Implementing Healthier Audit & Compliance Capabilities

Client Initiative Situation How We Helped Outcome


Large U.S. Medical Insurer



Governance, Risk and Compliance Assessment and Implementation of Enterprise Risk Management (ERM)



A large U.S. Medical Insurer needed to strengthen its Audit and Compliance capabilities to meet increasingly complex regulatory landscape.


How We Helped

The Insurer engaged RGP to conduct an in-depth assessment, reviewing governance, risk and compliance effectiveness, processes, approach and capabilities. We identified a number of control weaknesses that threatened to impact financial and operational performance and, in response, developed a sustainable, highly effective ERM program to be implemented in two phases.

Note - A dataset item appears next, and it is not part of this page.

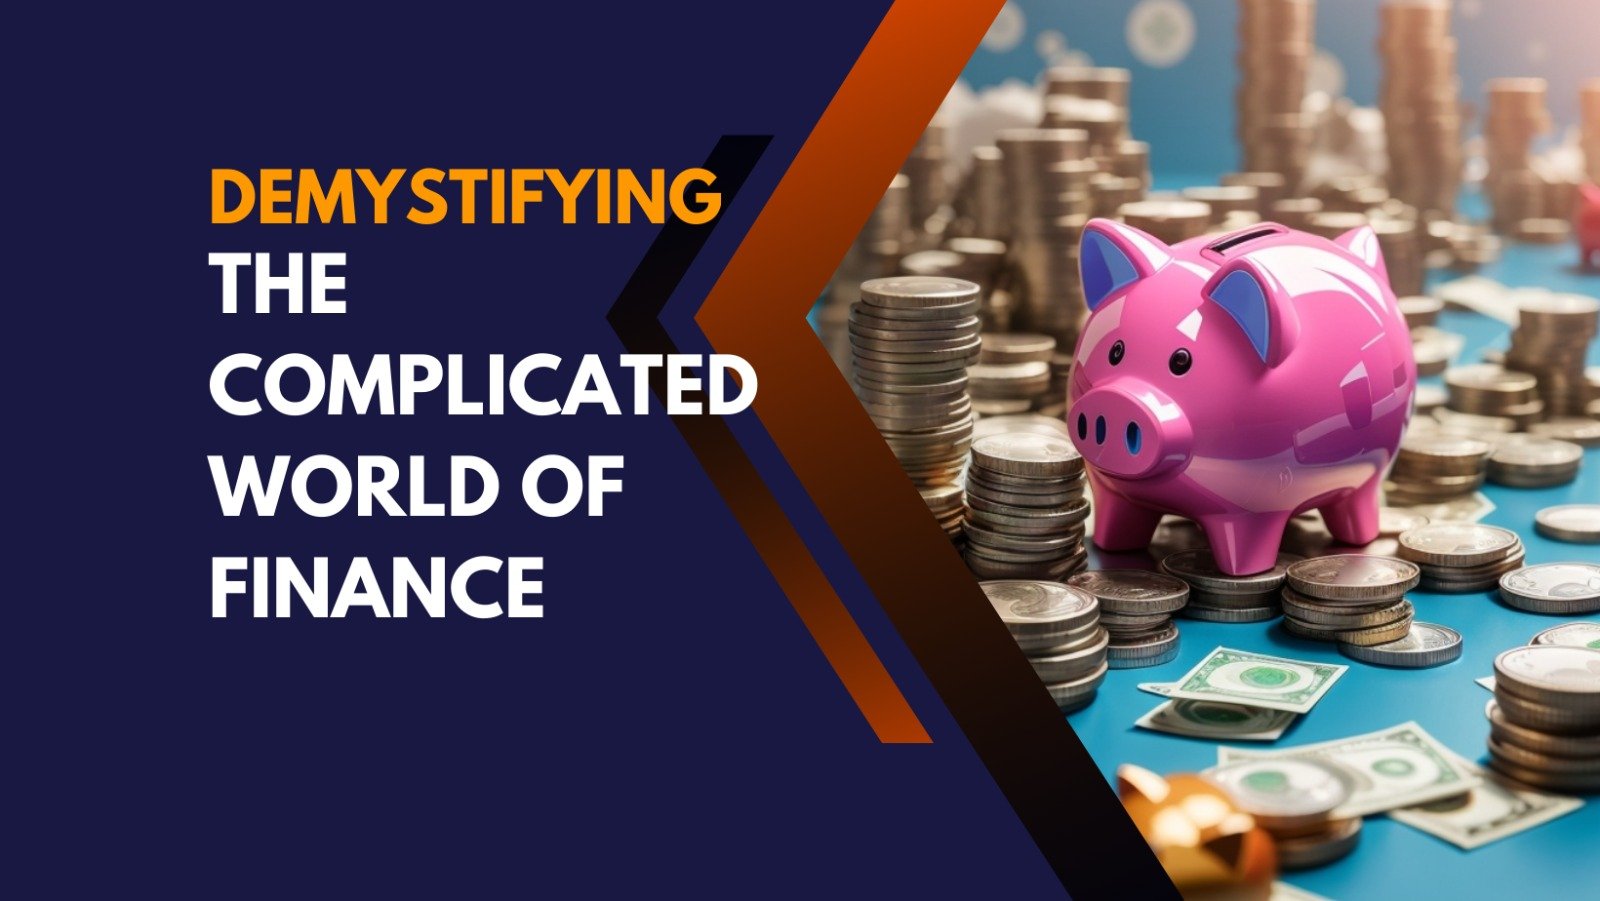 Demystifying the Complicated World of Finance

  1. Assessment Phase. We took a cultural survey to help assess the organization’s readiness to implement a robust risk management function and employed a risk-based approach to evaluate:
    • Internal audit program for effectiveness and process quality. 
    • Compliance program for scalability and effectiveness in monitoring potential key risks mapped to the Office of Inspector General’s (OIG) Seven Elements of an Effective Compliance Program. 
    • Complaint management process and capabilities within HR, Internal Audit and Legal.
  2. ERM Design and Implementation Phase. We recommended creating an ORSA-based ERM program to serve as the platform to manage enterprise-wide risks and to serve as an ERM framework for meeting NAIC ORSA compliance. With our help, our client developed an ORSA-based ERM program comprised of:
    • A Risk Management Approach for assessing potential loss exposures and stress testing non-solvency risks along with a business continuity plan for each non-solvency risk. 
    • A Solvency Management Approach for assessing corporate capital structure, evaluating financial leverage, reviewing fixed charge coverage, analyzing liquidity, reviewing historical sources and uses of capital, examining operating performance and business profile, stress testing solvency risks and developing a business continuity plan for solvency risks.


RGP’s initial assessment and recommendations were adopted by the Client’s senior management and board of directors and RGP was engaged to further design and implement the ERM program.  The ORSA-based ERM program that RGP developed for our Client will help them manage and monitor their enterprise-wide risks and meet NAIC’s ORSA Model Act requirements for insurers (filing an annual ORSA Summary Report to show evidence of the description of the insurer’s risk management framework, insurer’s assessment of risk exposures, and group risk capital and prospective solvency assessment).